E20 for Sunday roast in a Paris salon
There’s a place in Paris that’s been causing a stir for 40 years. Dinner is served every Sunday, reservations are required, it attracts an international crowd as well as locals, is standing room only, and it’s not the food people come for.
On Sunday nights this is one of the most popular places to eat in Paris. “Tonight it’s just lasagne and salad and tiramisu. You can get that at any good restaurant in Paris,” our host tells us.
But this isn’t a restaurant. It’s the home of Jim Haynes…a boy from the Bayou, Jim was born in Louisiana, raised in Venezuela, and has lived in Paris for the last 40 years, hosting weekly dinners since he arrived.
Jim explains how it all began, “They started in a totally accidental fashion. A woman arrived in Paris, a dancer from LA. She didn’t know anyone. She sat in a restaurant next to a friend of mine…she said her hobby was cooking and the rest is hysteria.”
And, Jim says not much has changed, except the size of the guest list: “I think there were 25 at the first dinner but it went up very quickly. I think it was as high as 130, but for everybody’s sake I try to keep the numbers down. We’re about 70 tonight, which is really too many for the winter but then people pop in and say, ‘my cousin just arrived from Buenos Aires’ and what can you say? You welcome them.”
Every Sunday night Jim welcomes both locals and tourists with a different guest chef each week.
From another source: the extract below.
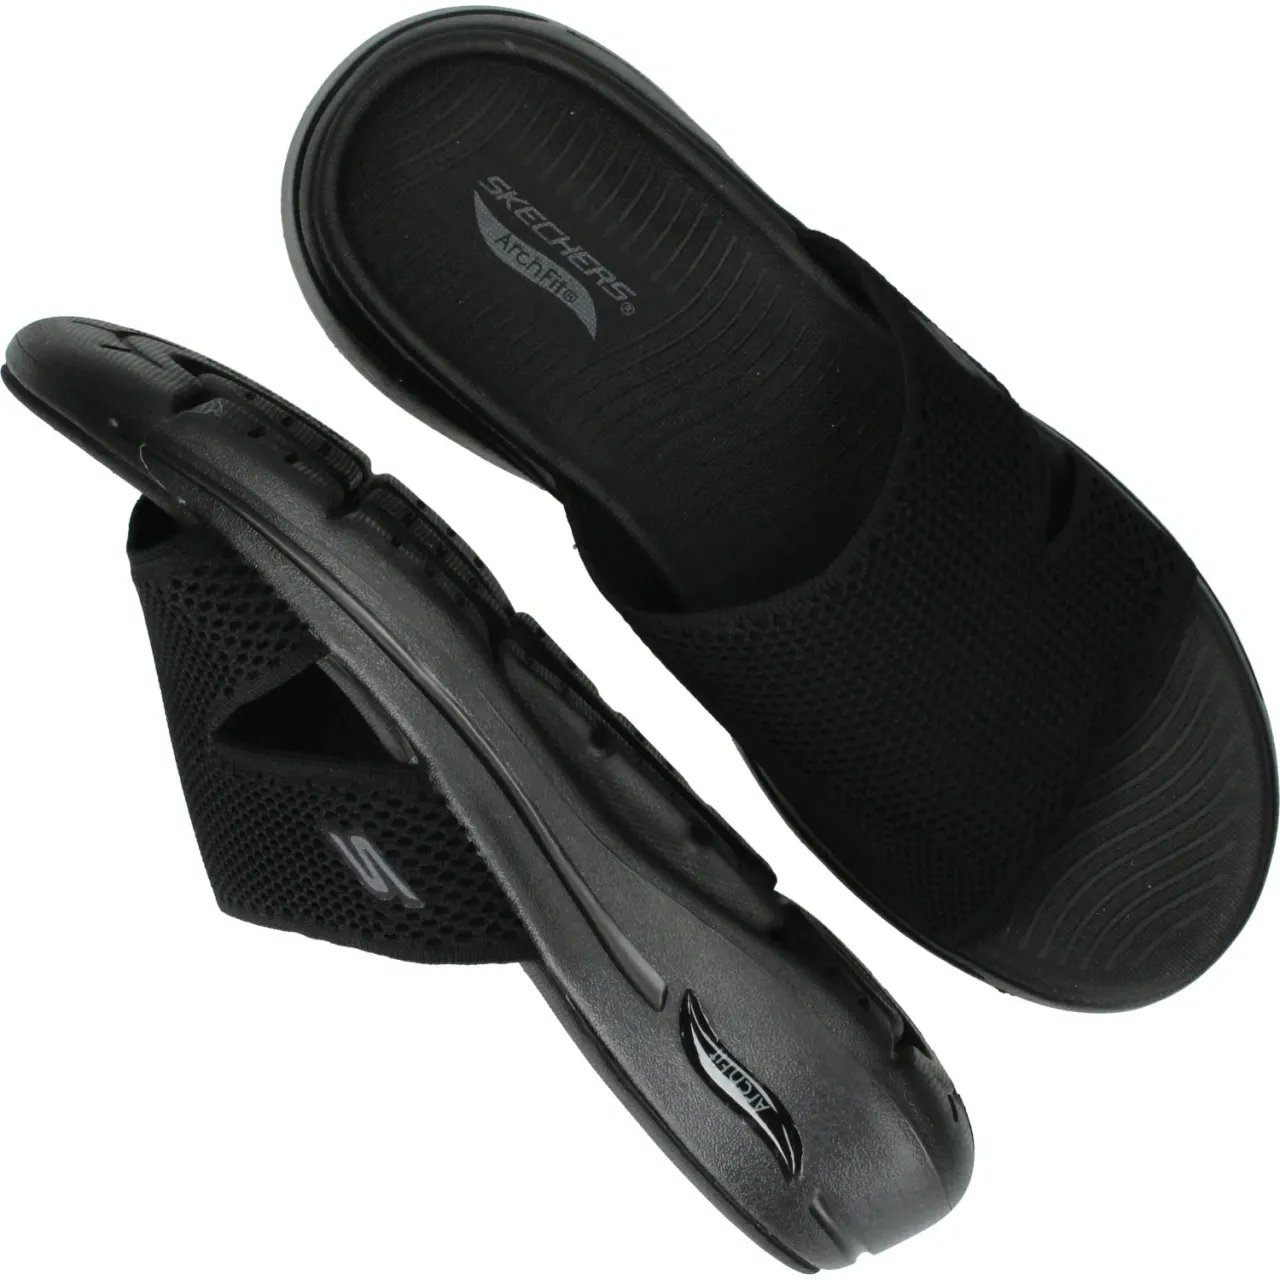 Skechers Go walk arch fit sandal joyful slipper

People book online and are asked to contribute 25 euros. In the summertime, and on a recent mild autumn night, guests spilled out into the garden. His flat isn’t large, or even grand. And the food? You don’t come for the cuisine. You come for the company.
"When you’re cooking for 75 people, fine wines and fine cuisine goes out the window. You just do the best you can and it’s mainly the people and out of it comes hundreds of marriages and love affairs and babies and that’s the point. I’m not that interested in food and wine. I’m more interested in people. I want people to have a good time."
And they do. Yoko Ono, Allen Ginsburg, Germaine Greer and Chloe Sevigny are also among Jim’s staggering number of guests. Some call him the city’s unofficial mayor. Over the years over 130,000 people have come to his Sunday dinners.
I ask if there’s any downside. “I guess the cleaning up, but I have someone who comes in every Monday morning and by one o’clock, suddenly it’s like there was never any party at all.”
Jim Haynes’ dinners aren’t just for out-of-towners. He’s got a huge local following. Pierre has been coming for 25 years. I ask him if Jim’s dinners can be considered part of the Parisienne salon culture. “No, it’s very different. The French soirees are more cosmopolitan, but also with more protocols, and the food is better. And closed, very closed.”
Which do you prefer, I ask, Il est tres diplomatique. “Both. I like different culture,” Pierre says.
Dispensing with protocol is exactly the way Jim wants his dinners, and it could help explain why they’re so popular.
I ask Jim about the current state of the salon culture in Paris. “The salon classic culture was very aristocratic and very undemocratic and very limited to 15-20 people maximum. One of the most famous, of course, was Gertrude Stein’s. You were terribly privileged to be invited. I take whoever comes, literally the first person who calls, and so we get the world.”
On this evening, it includes Marcus from Hamburg. “We know it from the internet and it was a little bit of adventure. You can meet many people if you’re not too shy, like me, but it’s fantastic I think.”
But even the shy ones have a chance. In case it wasn’t obvious, Jim loves people, and knows how to work a room. He says, “I love the fact that people come who don’t know each other, that many people come who are totally terrified and leave very happy and ask if they can come again. I like it when people enjoy themselves and if they meet someone else who they later see as a friend or lover, that’s nice, too.”
Sometimes they wind up more than friends and lovers. Jim’s had a few success stories. “My classic story is a French woman sitting on the couch, shy, alone and didn’t know anybody and I introduced her to a guy who was also shy and alone and now they’re married, they have three kids, they’re not shy anymore and they speak three languages. So I say these dinners manufacture Europeans.”
Jim’s left a few legacies in his time. I only have time to ask him one more question. What would you like it to say on your tombstone? "He came, he saw, he entertained.”